The Authoritarian Moment: How the Left Weaponized America’s Institutions Against Dissent is a title that leaves little to the imagination. Ben Shapiro elegantly presents facts, data, and a systematic analysis of our current culture, something his supporters and critics expect. When you read Shapiro’s book, you’ll leave more informed about the diagnosis of the country, but that doesn’t mean you will agree with Shapiro’s prescription.

For those who follow Shapiro’s work, you will find that much of the content is a written form of his podcast and his commentating.
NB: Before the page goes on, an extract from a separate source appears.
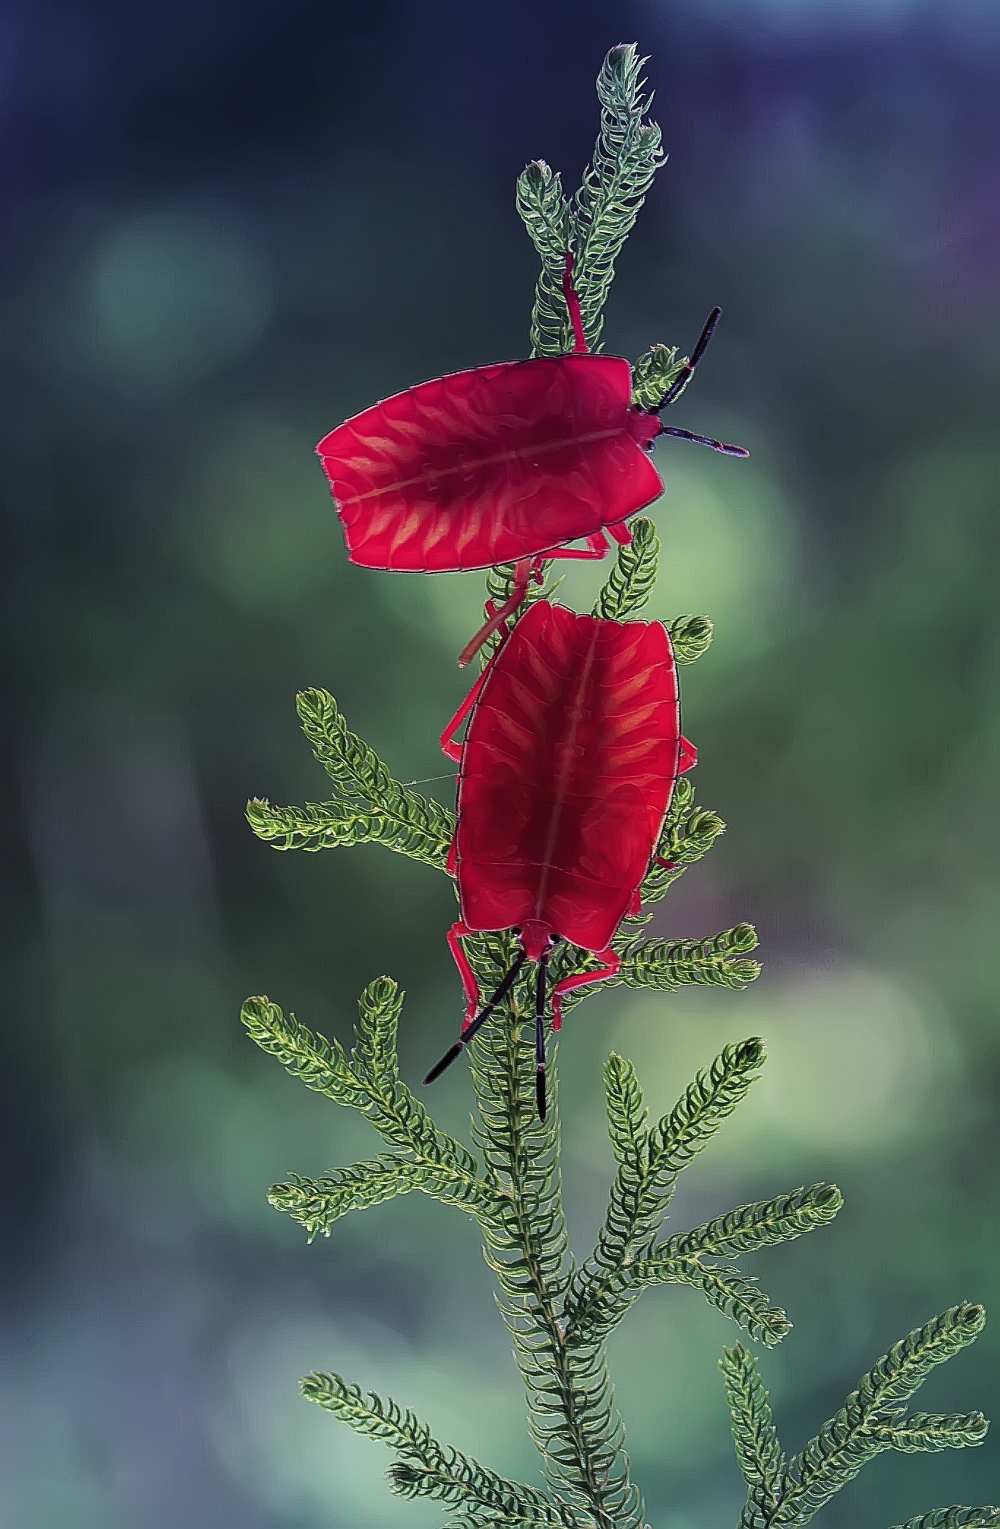 Red Ladybug from Abdul Gapur Dayak
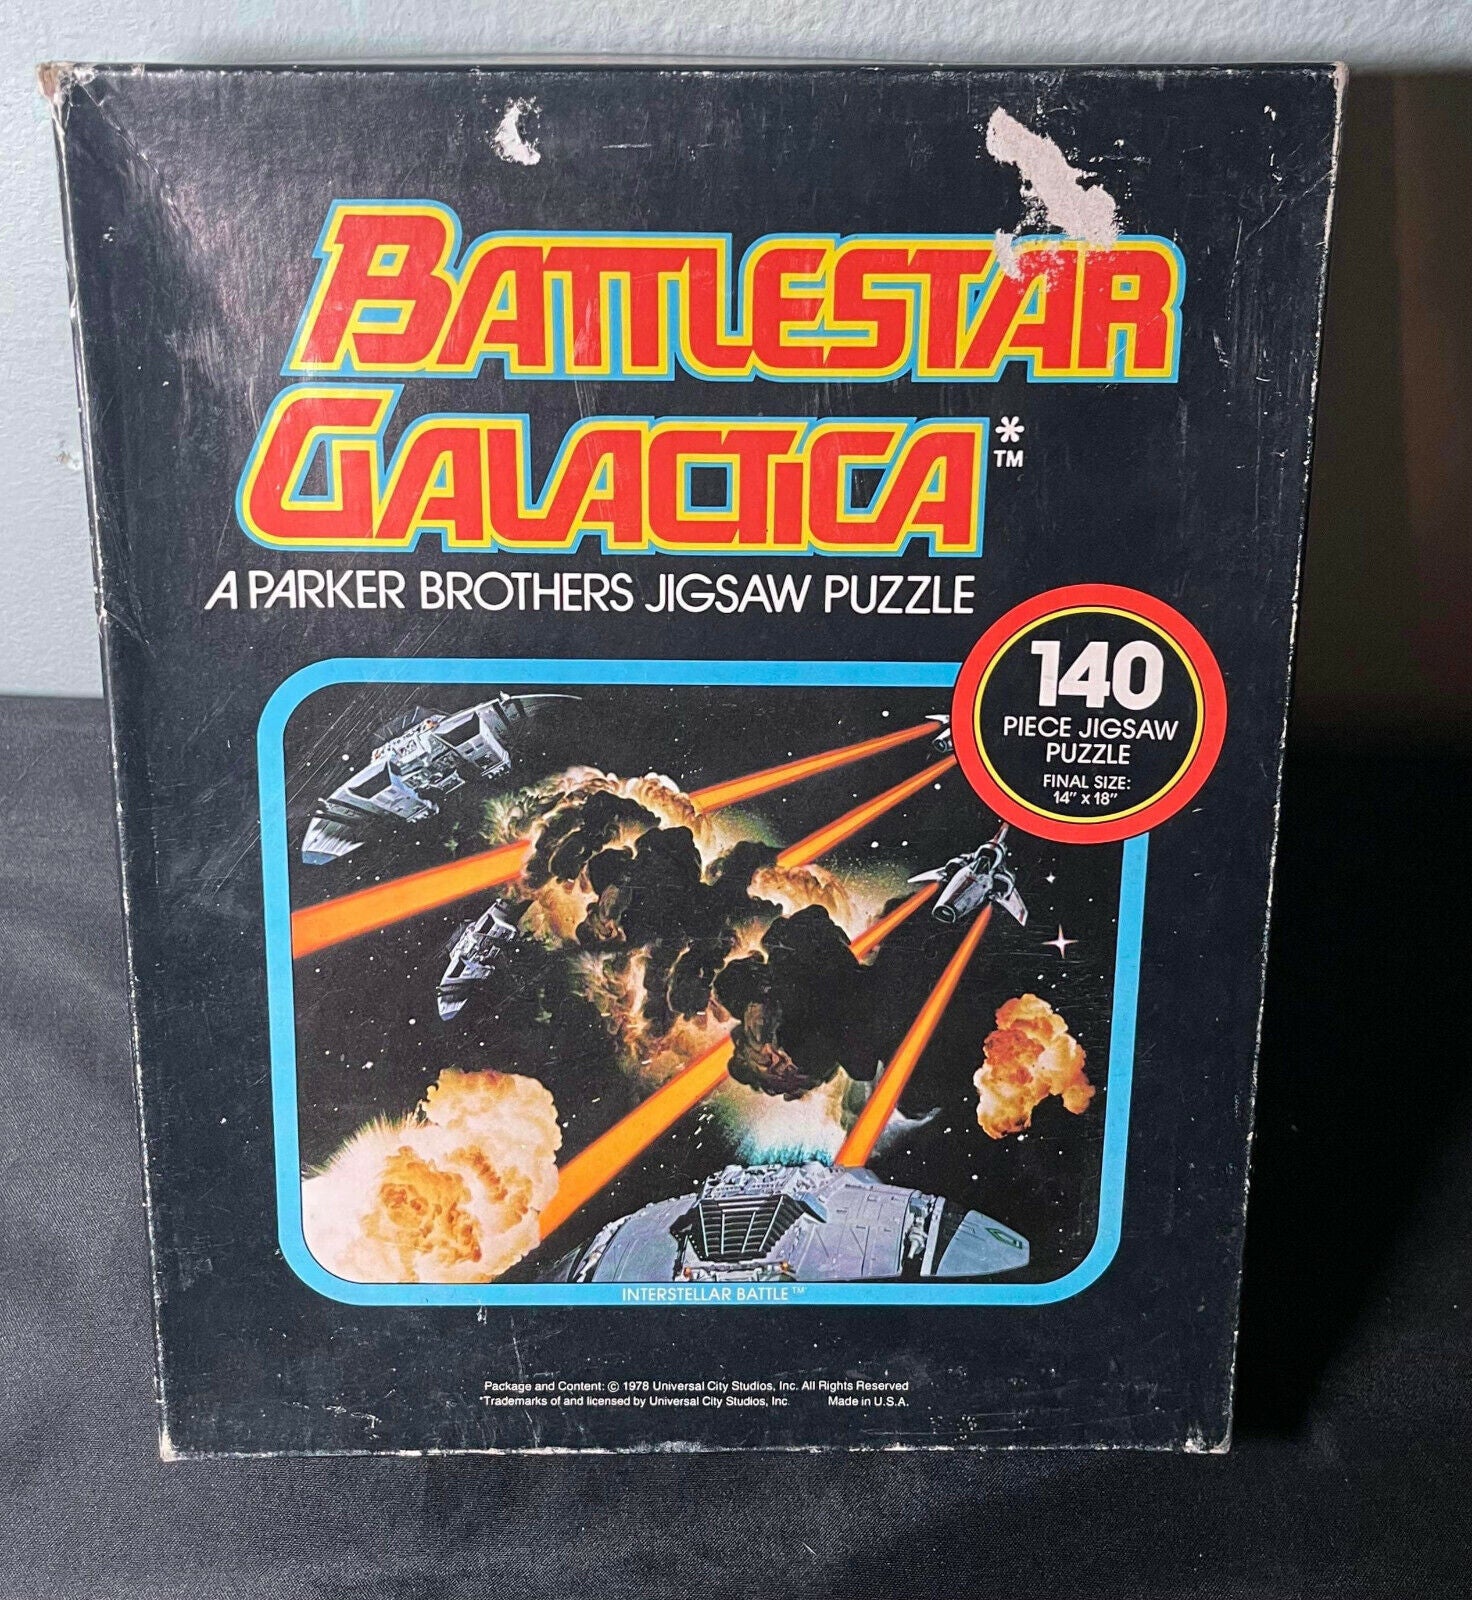 Vintage 1978 Parker Brothers Battlestar Galactica Interstellar Battle Puzzle 140

Still, the Daily Wire groupies will find many facts-don’t-care-about-your-feelings moments, many cited from left-wing outlets, to educate or re-educate themselves and their communities about the current authoritarianism America is facing. If you are left-leaning or don’t find yourself watching “Shapiro Destroys” videos, you might find yourself frustrated with his rhetoric, but sympathizing with his position. Regardless of where you fall on the spectrum, this book will provide you with a starting point to dialog with your conservative friends.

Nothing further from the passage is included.